How do you find the domain of #f(x)=(x^3+x^2-22x-40)/(x^4-x^3-7x^2+x+6)#?

Question

Isaiah Anthony · Accepted Answer

Domain: #(-oo, -2) uu (-2, -1) uu (-1, 1) uu (1, 3) uu (3, oo)#

Given: #(x^3 + x^2 - 22x - 40)/(x^4 - x^3 - 7x^2 + x + 6)#

This type of function is called a rational function.

#(N(x))/(D(x)) = (a_nx^n + ...)/(b_b x^m + ...)#, where #a_n " & " b_m# are the leading coefficients and #n# and #m# are the degrees of the two functions.

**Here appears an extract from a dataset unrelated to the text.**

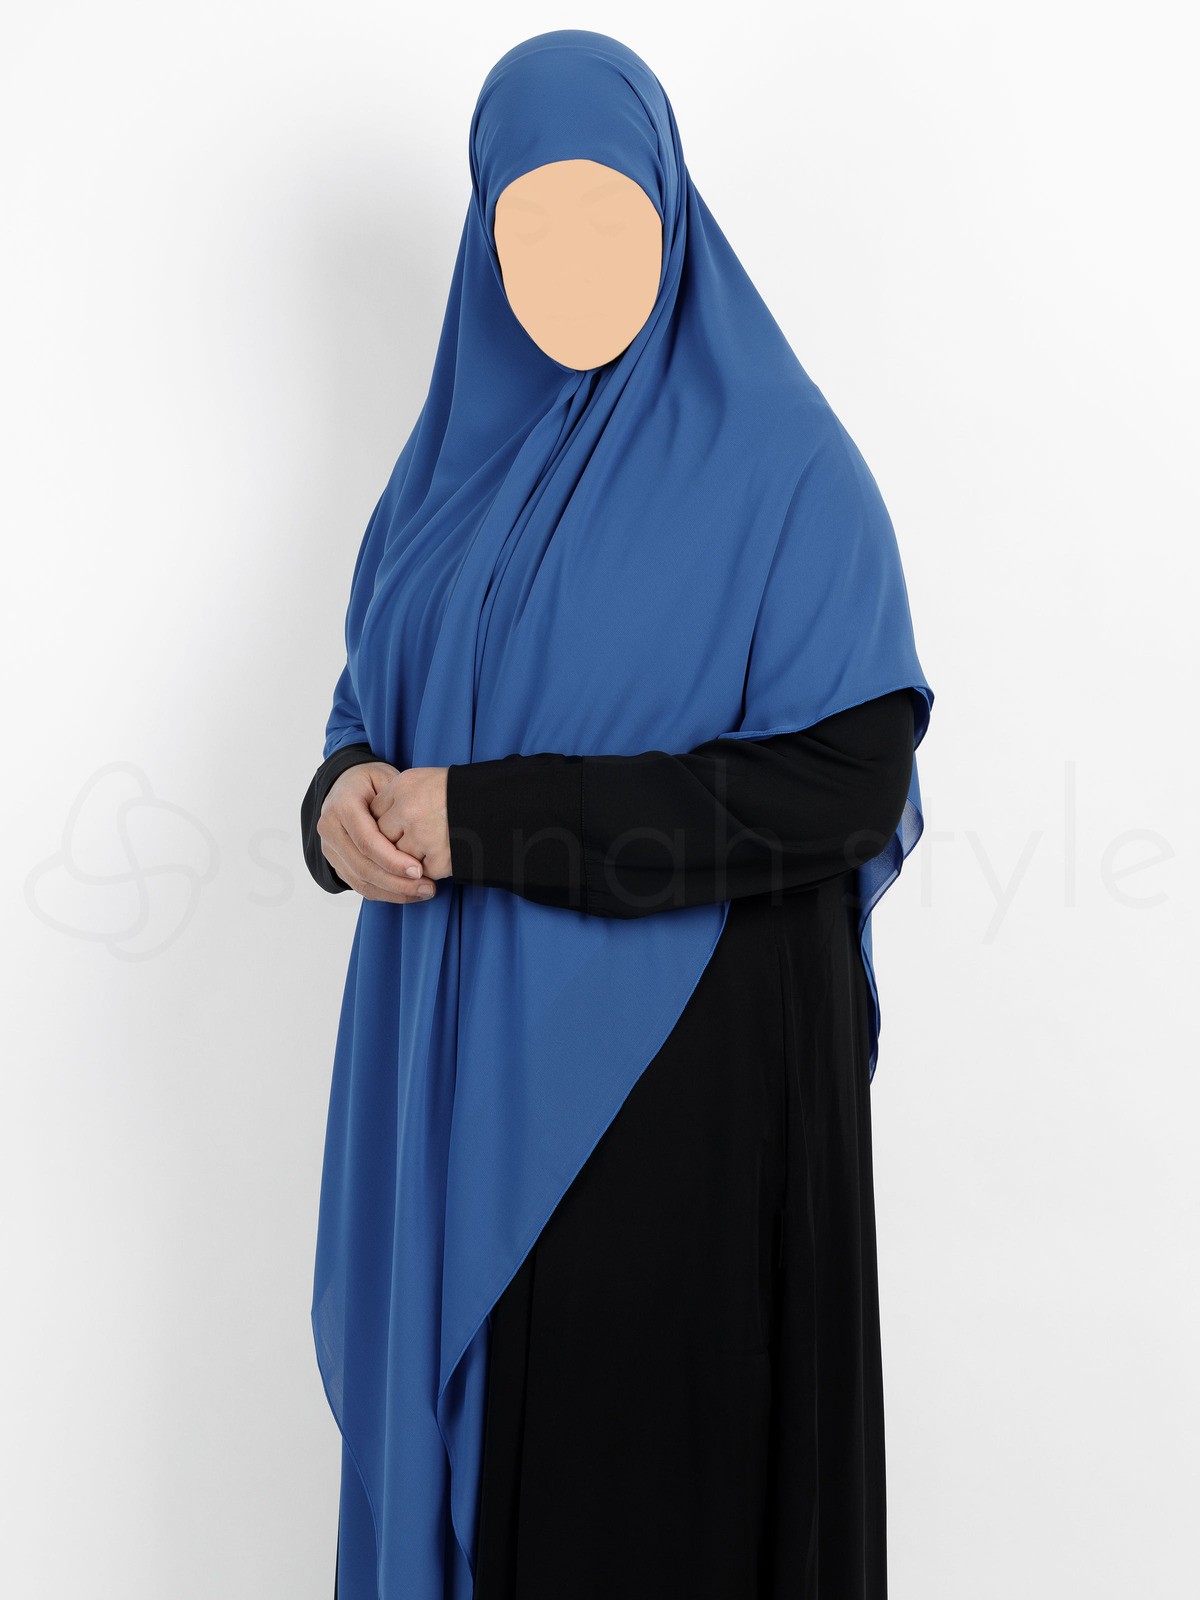 Sunnah Style - Essentials Square Hijab (Premium Chiffon) - XL (Blue Jay)

#color(blue)"Factor"# both the numerator and the denominator need to be factored.

The easiest way is to graph each function individually and find the zeros (#x#-intercepts).

This is the graph of #N(x) = x^3 + x^2 - 22x - 40# graph{x^3 + x^2 - 22x - 40 [-5, 6, -80, 10]}

It has #x#-intercepts at #x = -4, -2 and 5#

This means #color (red)(N(x)) = x^3 + x^2 - 22x - 40 = color (red)((x +4)(x+2)(x-5))#

This is the graph of #D(x) = x^4 - x^3 - 7x^2 + x + 6#:

graph{x^4 - x^3 - 7x^2 + x + 6 [-5, 6, -15, 10]}

It has #x#-intercepts at #x = -2, -1, 1 and 3#

This means #color (red)(D(x)) = x^4 - x^3 - 7x^2 + x + 6 = color(red)((x+2)(x+1)(x-1)(x-3))#

#color(blue)"Factored function:"# #f(x) = ((x +4)cancel((x+2))(x-5))/(cancel((x+2))(x+1)(x-1)(x-3))#

#color(magenta)("Finding the Domain depends on holes, and vertical asymptotes.")#

If you can cancel a factor that is both in the numerator and the denominator, that is where you have a hole; a removable discontinuity.

#color (magenta)("Hole at " x = -2#

Vertical asymptotes are found by setting #D(x) = 0# after the holes are eliminated.

#color (magenta)("Vertical asymptotes are at " x = -1, 1, x = 3#

Domain: #(-oo, -2) uu (-2, -1) uu (-1, 1) uu (1, 3) uu (3, oo)#

Abigail Allen · Answer

undefined The domain of $f(x) = \frac{x^3 + x^2 - 22x - 40}{x^4 - x^3 - 7x^2 + x + 6}$ is all real numbers except $x = -2$ and $x = 1$.